Выпили, похрустели огурцом. Сквозь граненое стеклышко двери сочилась жиденькая водица. С нарочитым вниманьем разглядывал голубенькую дверь, косо сбитые филенки с сердечком, выпиленным посередке. Зачем, кому понадобился этот зрачок в метре над полом, чья причуда ума? Милкина рука неожиданно скользнула по угловатому плечу в ложбину напрягшейся шеи и замерла в волнистом льняном волосе.
– Только не ври, слышь?.. Зачем ты отказала тогда? – вдруг сорвалось с языка: видно, не зажила та давняя ранка, сочилась ядовитой горечью и обидой. – Одна родова с маткой, у-у...
– Молчи, молчи, – торопливо перебила, навалилась грудью к его спине. – Не от тебя уехала, дурачок, от себя. Думала – и неуж все? Нарожаю детей, хомут надену – и тяни кобыла. Казалось, живут же где-то люди, красиво живут. Ты молчи, молчи. – Потянула к себе, больно обвила шею, впилась губами в плечо, и Степушка завалился на спину, ослабевая весь. И тут такая жаркая бездна открылась, куда окунаешься и летишь бесконечно, безумствуя и с великим счастьем.
А после лишь горечь в горле и пустота внутри: выпили, выжали человека, и осталось в душе одно только отвращенье. Нахохлился парень, сидит в Милкиных ногах бессонной сутулой птицей и тупо всматривается в желтое сердечко посреди двери. Закоим выскребли его, чему напоминанье?
– Ой, жить хочу, – снова сказала Милка, и голос ее показался старчески хриплым.
– Живешь ведь, – грубо оборвал Степушка и мельком глянул в припухшее запрокинутое лицо.

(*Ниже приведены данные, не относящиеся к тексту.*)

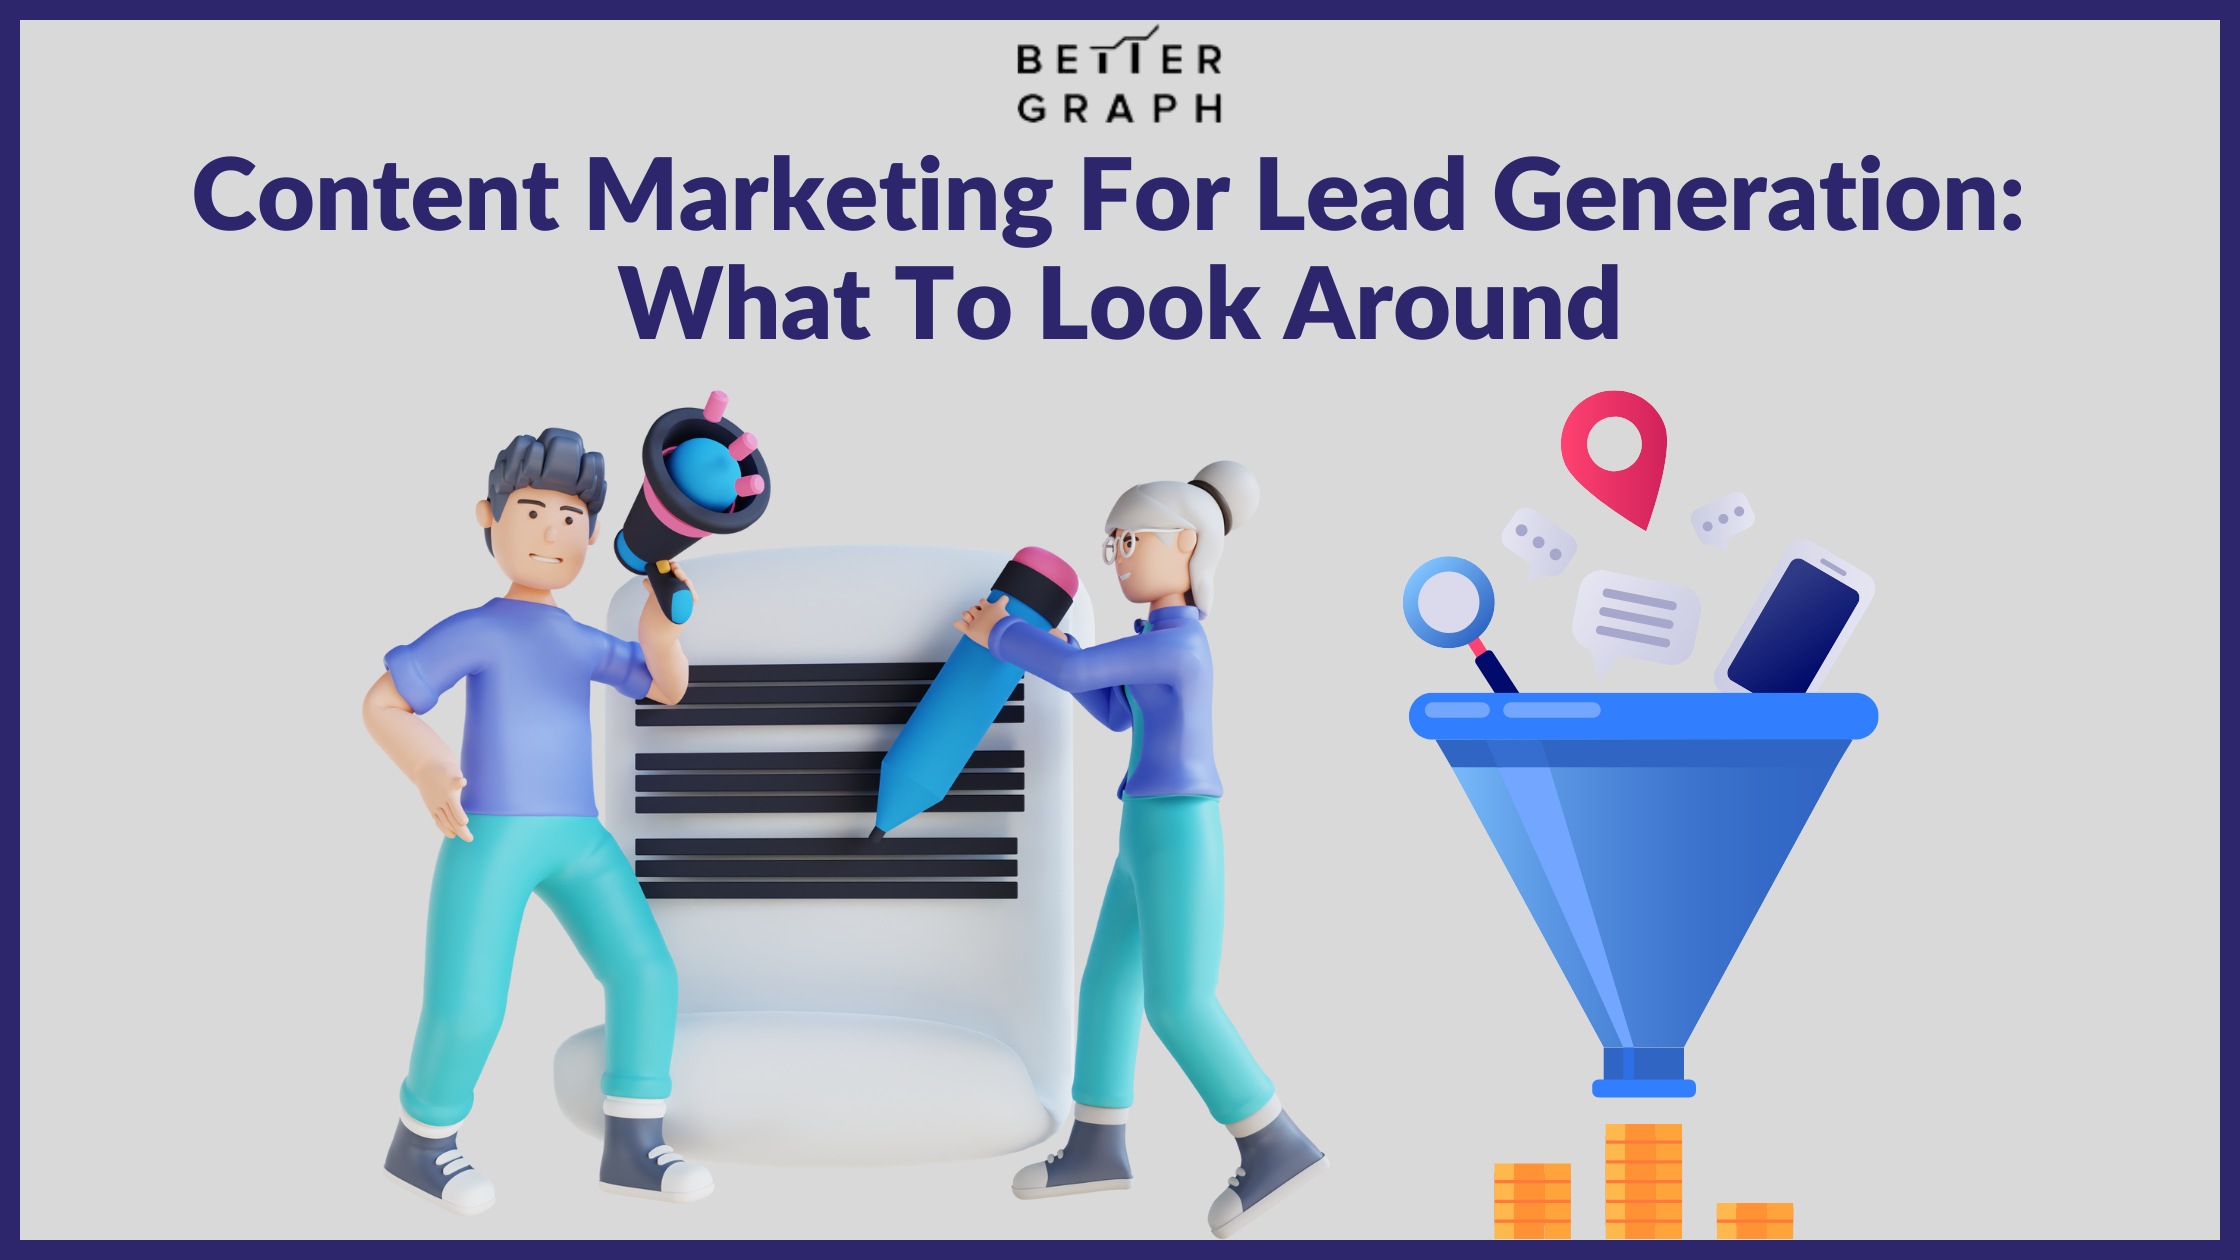 Content Marketing For Lead Generation What To Look Around (1).png  by BetterGraph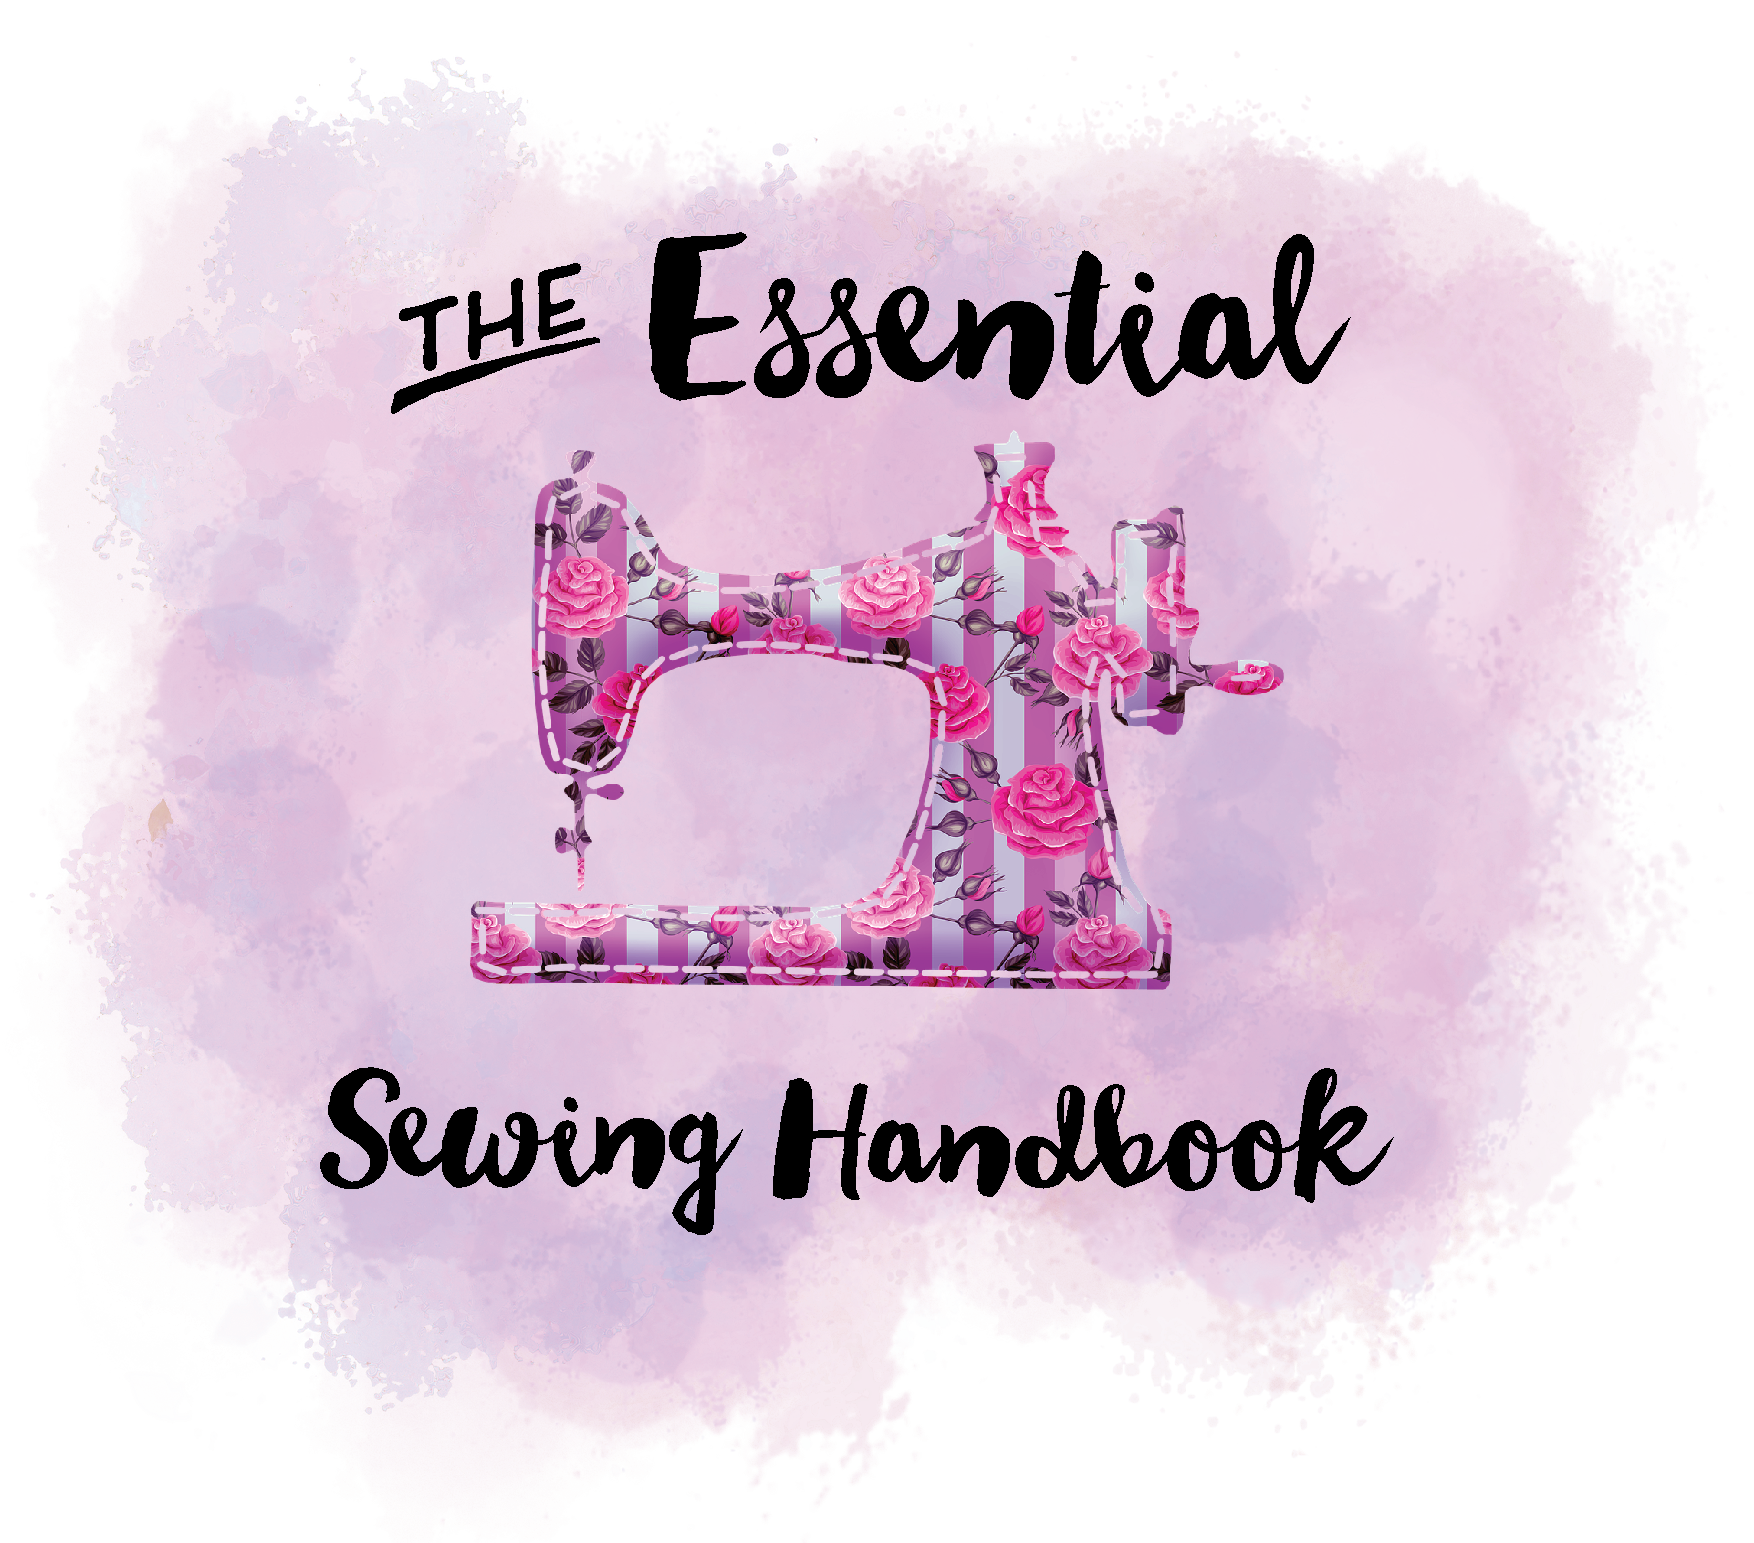 The Essential Guide to Sewing Pins - The Seasoned Homemaker®

– Хорошо хочу, красиво. А тут принудиловка. Потаскай каждый день раствор да кубы кирпича. Да если мороз, ветер и на высоте. Копыта откинешь. Кишки сохнут, не раз маму родную вспомянешь. Ведь двадцать два мне, Степ-ка-а. Уже старуха я. А все в общаге, жди, когда подберут, а каждый на дармовщинку норовит. Я жить хочу, жи-ить, муж чтоб был... любимый.
– Езжай домой, найдешь.
– Ха, нашел дуру.
Степушка равнодушно оглянулся, собрался что-то обидное сказать – и смолчал: Милка лежала бесстыдно распахнутая в лунном свете, облившем комнату, и казалась вытесанной из свежей осиновой плахи. Черный ручеек струился от лона по впалому животу, слегка оплывшему, с хорошо завязанным пупком в синеватой продавлинке, а груди великоватые, ждущие молока и ласки, утомленно раскинутые, словно недопеченные хлебные каравашки с косо посаженными изюминами. И вся-то Милка распласталась на скомканных простынях большая, хлебная, и дух-то от нее шел сытый, терпкий, щекочущий ноздри потом, только что растраченным жаром и еще чем-то неуловимым, вызывающим желанье. Рожать бы девке дюжину ухарей, осадистых боровиков, а она вот тут маялась, жалилась, как исповедуются лишь чужим, мимолетно знакомым, или очень родным людям, и отдавалась на посмотрение, будто много и давно любившая баба.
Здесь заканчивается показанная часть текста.